====== Provided information ======

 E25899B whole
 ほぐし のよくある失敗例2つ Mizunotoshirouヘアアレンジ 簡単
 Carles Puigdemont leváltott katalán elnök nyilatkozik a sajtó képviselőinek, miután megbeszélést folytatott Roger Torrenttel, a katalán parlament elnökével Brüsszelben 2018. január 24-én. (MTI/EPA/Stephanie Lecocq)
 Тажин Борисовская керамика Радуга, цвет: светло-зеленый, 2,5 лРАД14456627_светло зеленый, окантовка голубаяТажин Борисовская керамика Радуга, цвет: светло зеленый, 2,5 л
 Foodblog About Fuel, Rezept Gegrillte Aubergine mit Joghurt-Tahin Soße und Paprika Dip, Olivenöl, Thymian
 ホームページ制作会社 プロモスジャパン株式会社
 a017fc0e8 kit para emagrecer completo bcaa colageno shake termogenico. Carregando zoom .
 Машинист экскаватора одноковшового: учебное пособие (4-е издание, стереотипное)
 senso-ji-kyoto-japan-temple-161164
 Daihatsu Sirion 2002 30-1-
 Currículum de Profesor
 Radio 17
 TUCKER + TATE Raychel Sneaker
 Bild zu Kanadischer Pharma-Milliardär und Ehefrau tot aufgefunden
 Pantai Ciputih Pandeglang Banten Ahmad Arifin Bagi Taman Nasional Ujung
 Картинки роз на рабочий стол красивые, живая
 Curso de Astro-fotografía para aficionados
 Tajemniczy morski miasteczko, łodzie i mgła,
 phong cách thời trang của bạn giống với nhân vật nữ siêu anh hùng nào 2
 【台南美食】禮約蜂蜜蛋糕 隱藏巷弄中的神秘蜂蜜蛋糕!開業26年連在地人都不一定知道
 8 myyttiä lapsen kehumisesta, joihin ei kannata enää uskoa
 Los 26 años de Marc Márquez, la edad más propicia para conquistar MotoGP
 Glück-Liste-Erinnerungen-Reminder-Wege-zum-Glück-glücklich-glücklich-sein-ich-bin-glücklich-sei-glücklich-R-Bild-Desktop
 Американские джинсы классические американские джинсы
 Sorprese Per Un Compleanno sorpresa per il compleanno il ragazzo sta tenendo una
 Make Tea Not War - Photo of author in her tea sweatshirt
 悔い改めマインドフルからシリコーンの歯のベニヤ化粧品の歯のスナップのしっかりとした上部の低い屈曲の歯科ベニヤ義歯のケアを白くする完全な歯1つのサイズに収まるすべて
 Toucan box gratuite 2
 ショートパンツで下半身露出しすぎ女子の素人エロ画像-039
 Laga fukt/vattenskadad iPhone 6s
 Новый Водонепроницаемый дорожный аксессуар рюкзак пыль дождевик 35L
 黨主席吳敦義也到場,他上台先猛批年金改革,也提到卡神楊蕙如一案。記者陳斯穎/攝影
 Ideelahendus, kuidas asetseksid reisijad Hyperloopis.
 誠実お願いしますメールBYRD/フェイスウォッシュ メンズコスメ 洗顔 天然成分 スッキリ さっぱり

======

- _Assigned task_:
If a line in the records above contains the string "Bild", copy that line out.

- _Answer to the exercise_:
 Bild zu Kanadischer Pharma-Milliardär und Ehefrau tot aufgefunden
 Glück-Liste-Erinnerungen-Reminder-Wege-zum-Glück-glücklich-glücklich-sein-ich-bin-glücklich-sei-glücklich-R-Bild-Desktop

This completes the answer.